If they had converted the untraded shares to traded shares ALL AT ONCE, there would have been tremendous selling pressure from those of the I-don't-care-what-the-price-is, get-me-out-immediately mindset. (That had an a horrid impact on DCT when they went public.)
So, they took all the unlisted shares, and converted them:
* 25% to A shares
* 25% to B-1 shares
* 25% to B-2, and 25% to B-3 shares.
The total number of shares is absolutely unchanged from pre-listing to post. If you had 1000 shares before listing, you still had 1000 shares afterward -- but only 250 of them were tradable on day one.
Every six months, another batch ("tranche") of B-n shares converts to A shares, which, again, does not change the total number of shares out there or the number of shares you hold.

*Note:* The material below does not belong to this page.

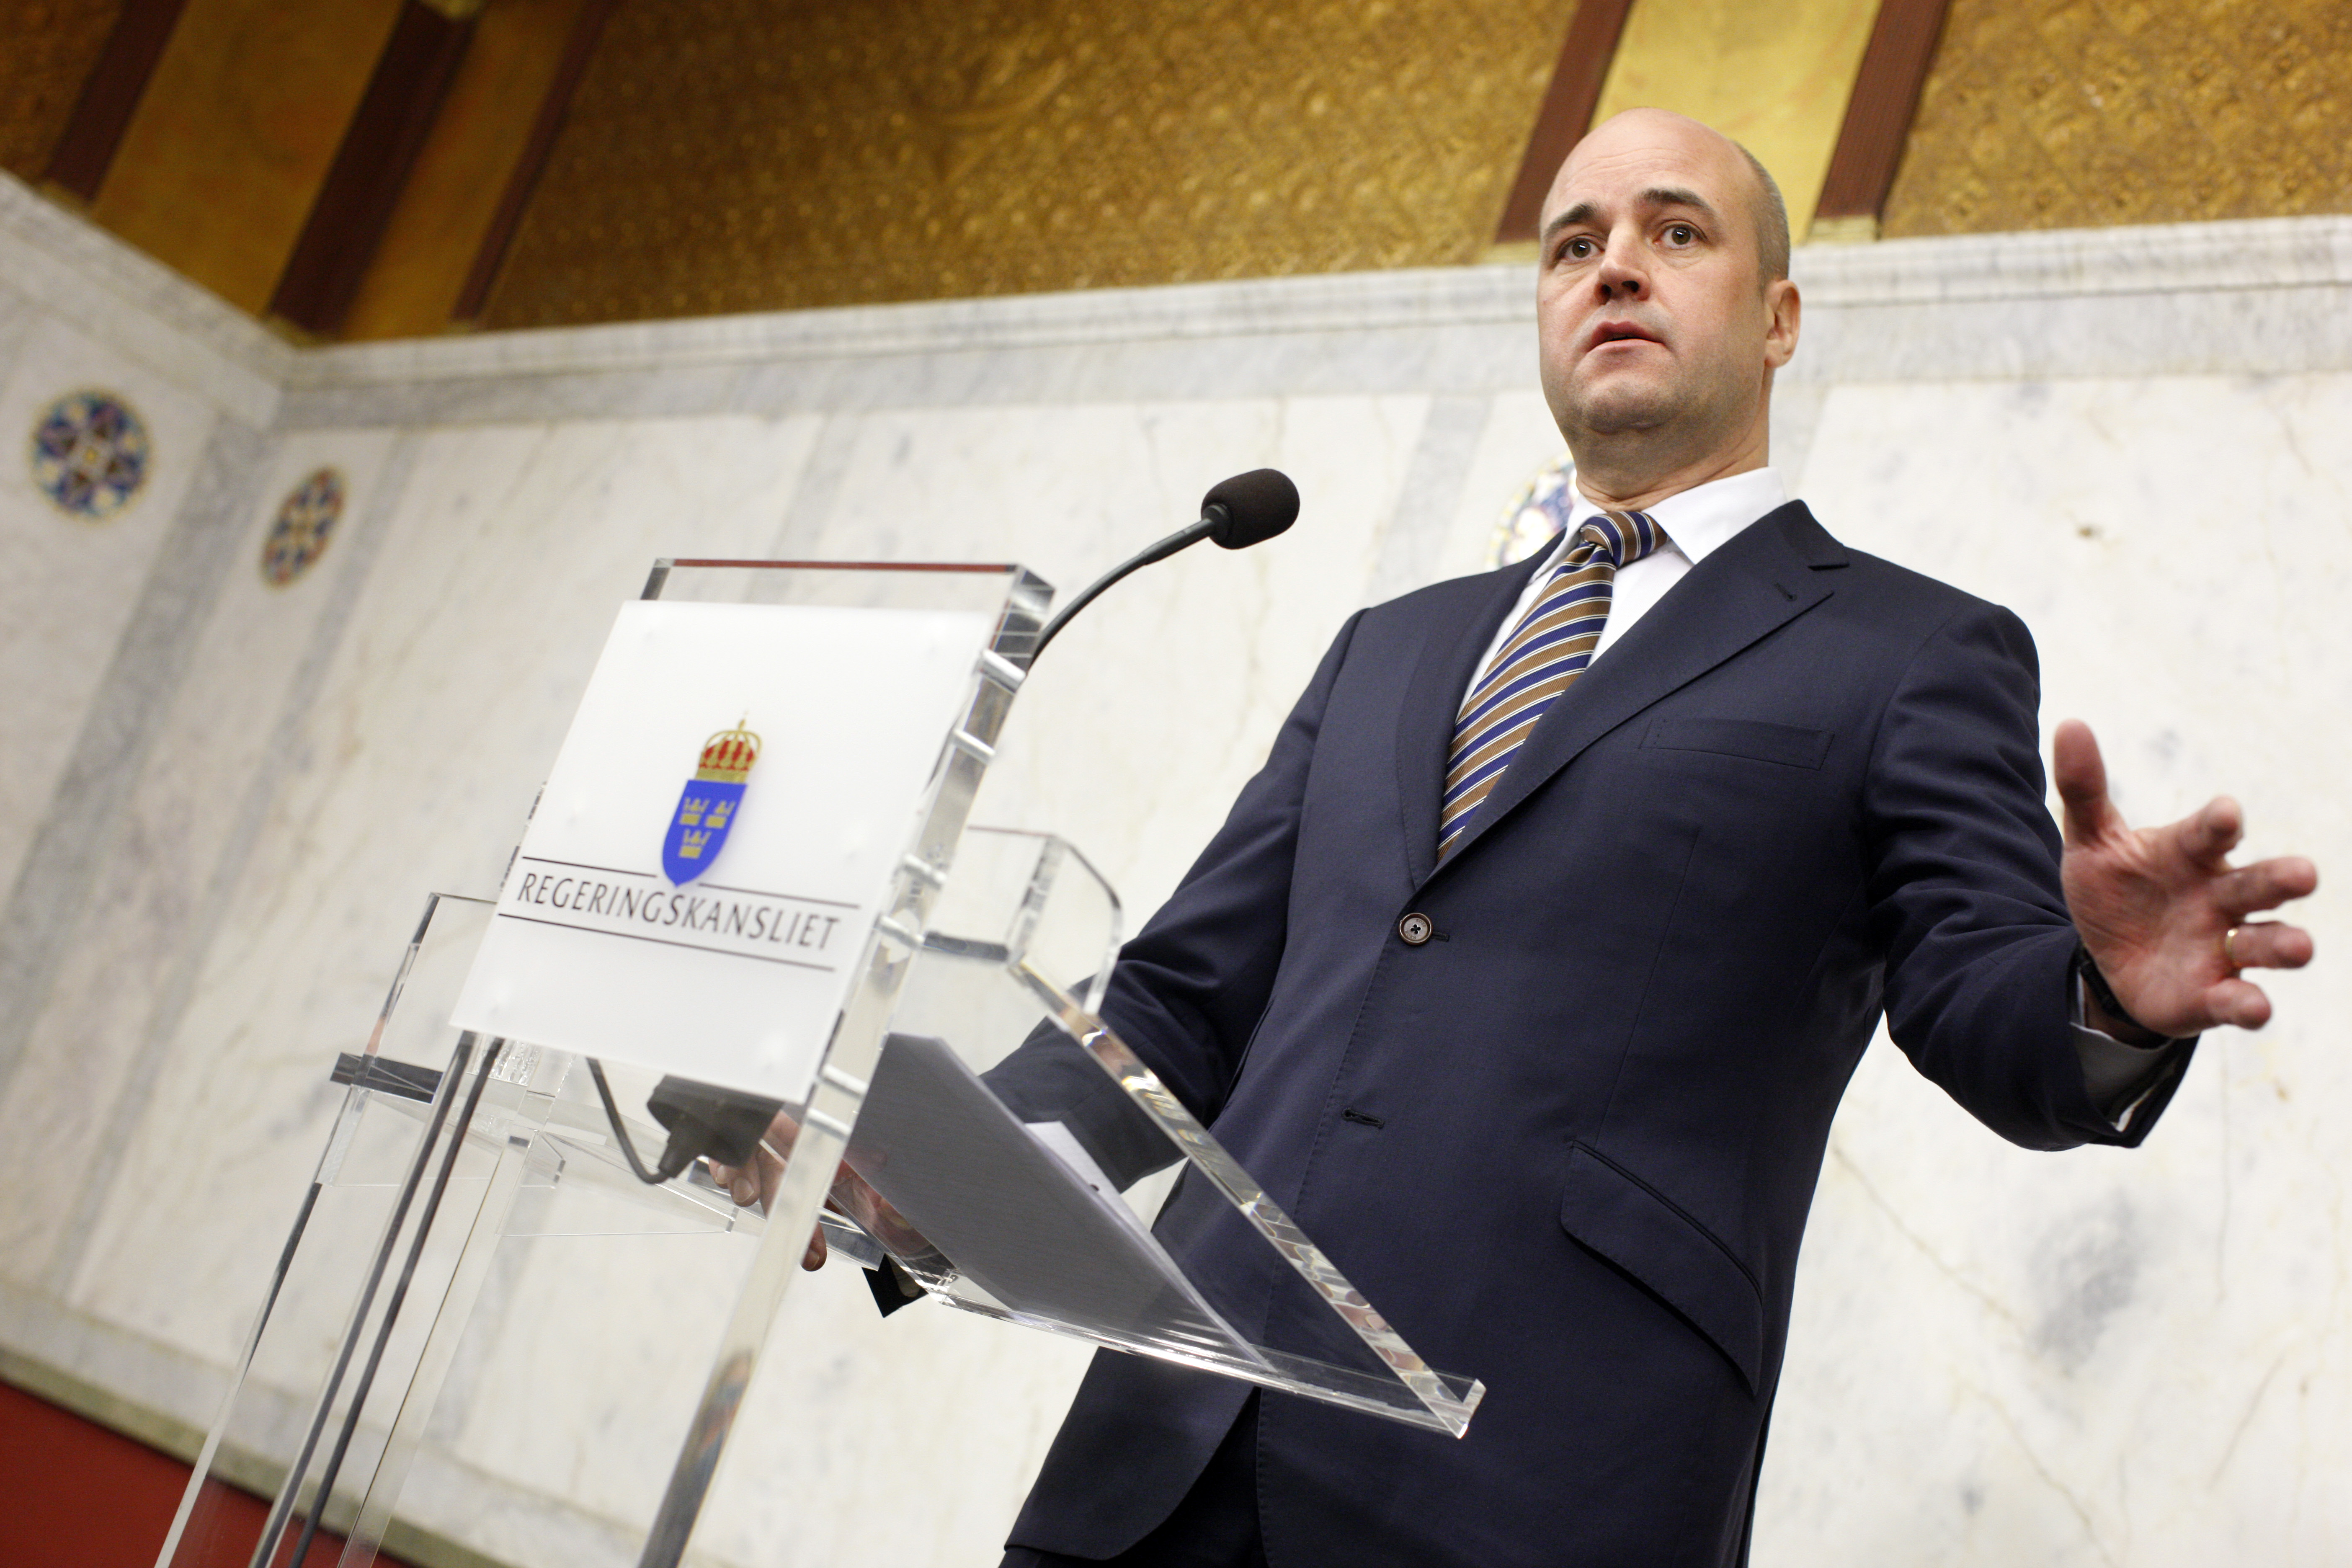 Förhandlingar, Fredrik Reinfeldt, Ministerpost, Minister, Regering

I think it has worked out well for them. Having been forced to hold on to most of our shares for a while, we're now at the point, IMHO, where "who wants to sell something that's up by 35% and still rising?" is the dominant attitude.
All share classes pay the same dividend, too.
It may be important to note that this is NOT the same methodology as Inland Western / RPAI used when they went public. Similar, in that they went with four share classes; different in the way they introduced them.